Kedua, kekhasan komunikasi sastra dapat dilihat pada diri pembaca itu sendiri. Pada saat membaca karya sastra, pembaca tidak dapat langsung berkomunikasi dengan sastrawan. Pembaca adalah pemilih, penenima, penafsiran, pemberi, dan penyusun makna karya sastra sehingga menghasilkan nilai-nilai tertentu (Aminuddin 1997:94). Dalam karya sastra serius, komunikasi pembaca kepada sastrawan dapat berupa usulan atau tulisan kritik, sedangkan pada sastra pop komunikasi antara sastrawan dengan pembaca nyaris tidak ada (Zoes, 1990: 54-55).

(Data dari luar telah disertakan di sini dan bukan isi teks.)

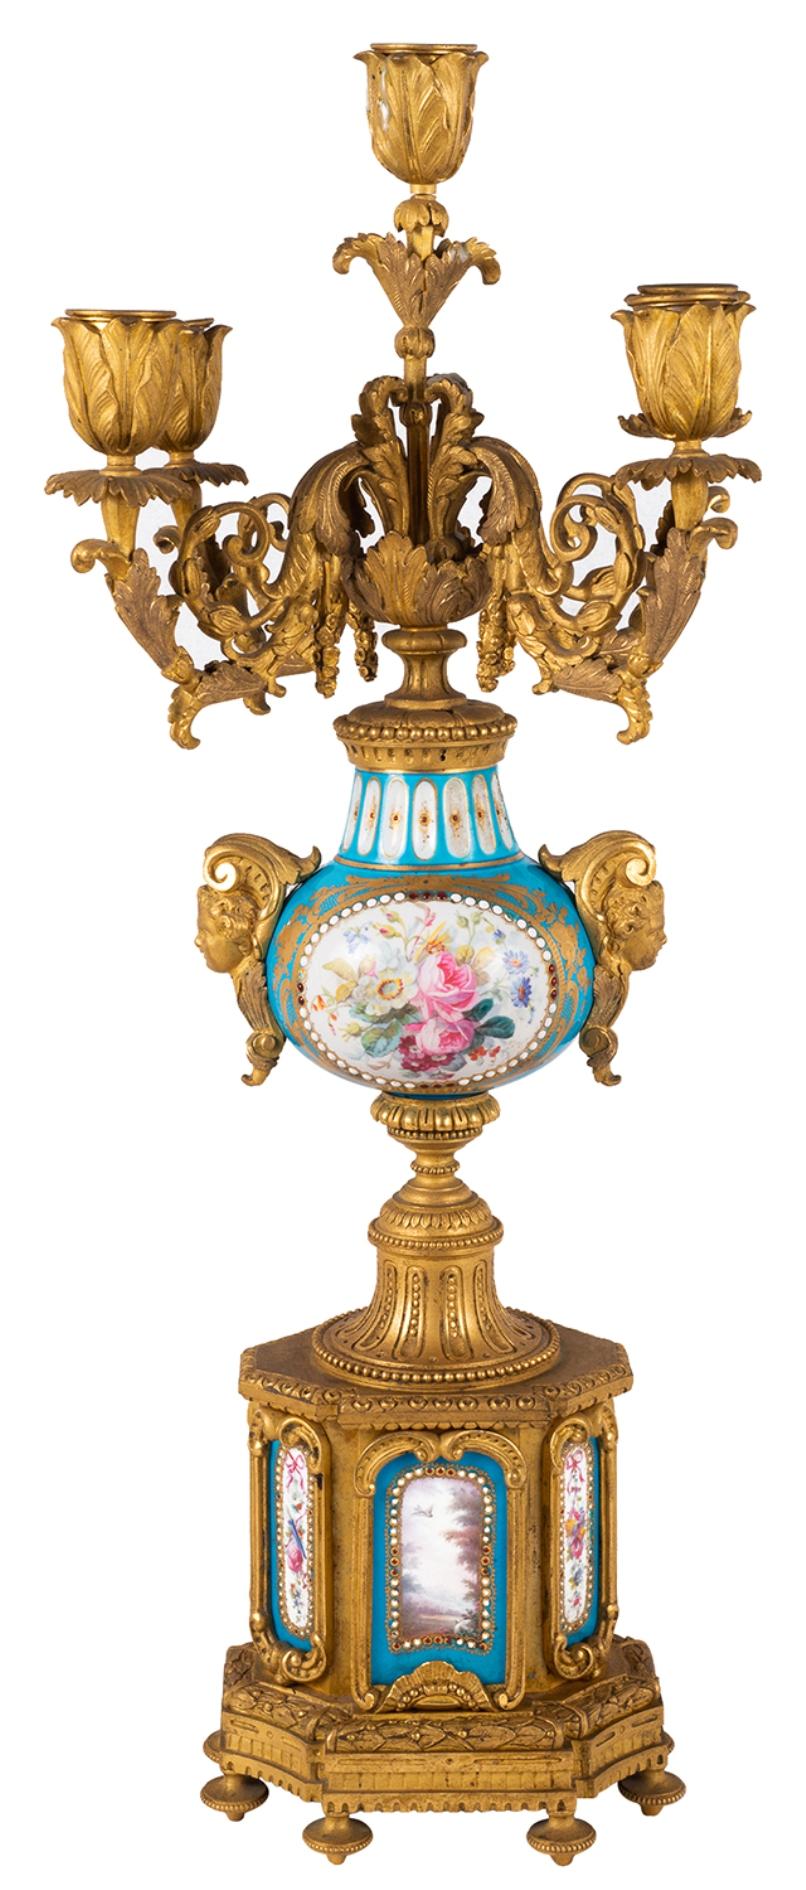 Paire de candélabres à cinq branches en porcelaine de Sèvres et bronze doré de la fin du XIXe siècle, avec un décor de feuillage, des urnes en porcelaine à fond turquoise au centre avec des scènes romantiques peintes à la main, des scènes florales

Ketiga, kekhasan komunikasi sastra dapat dilihat pada karya sastra itu sendiri. Setelah pembaca membaca karya sastra, sebenarnya akan muncul karya yang lain. Karya lain itu adalah karya yang ada di dalam alam pikiran pembaca sesuai dengan penafsiran dan sistem yang ada dalm pikirannya.

Keempat, sifat kahas komunikasi sastra itu dapat dilihat dari diri sastrawannya. Hubungan antara sastrawan dengan pembaca juga bisa berupa hubungan yang timbul akibat sikap dan pandangan sastrawan terhadap pembaca. Selain muncul dari sikap sehari-hari, sikap terhadap pembaca tampak pada karya sastra.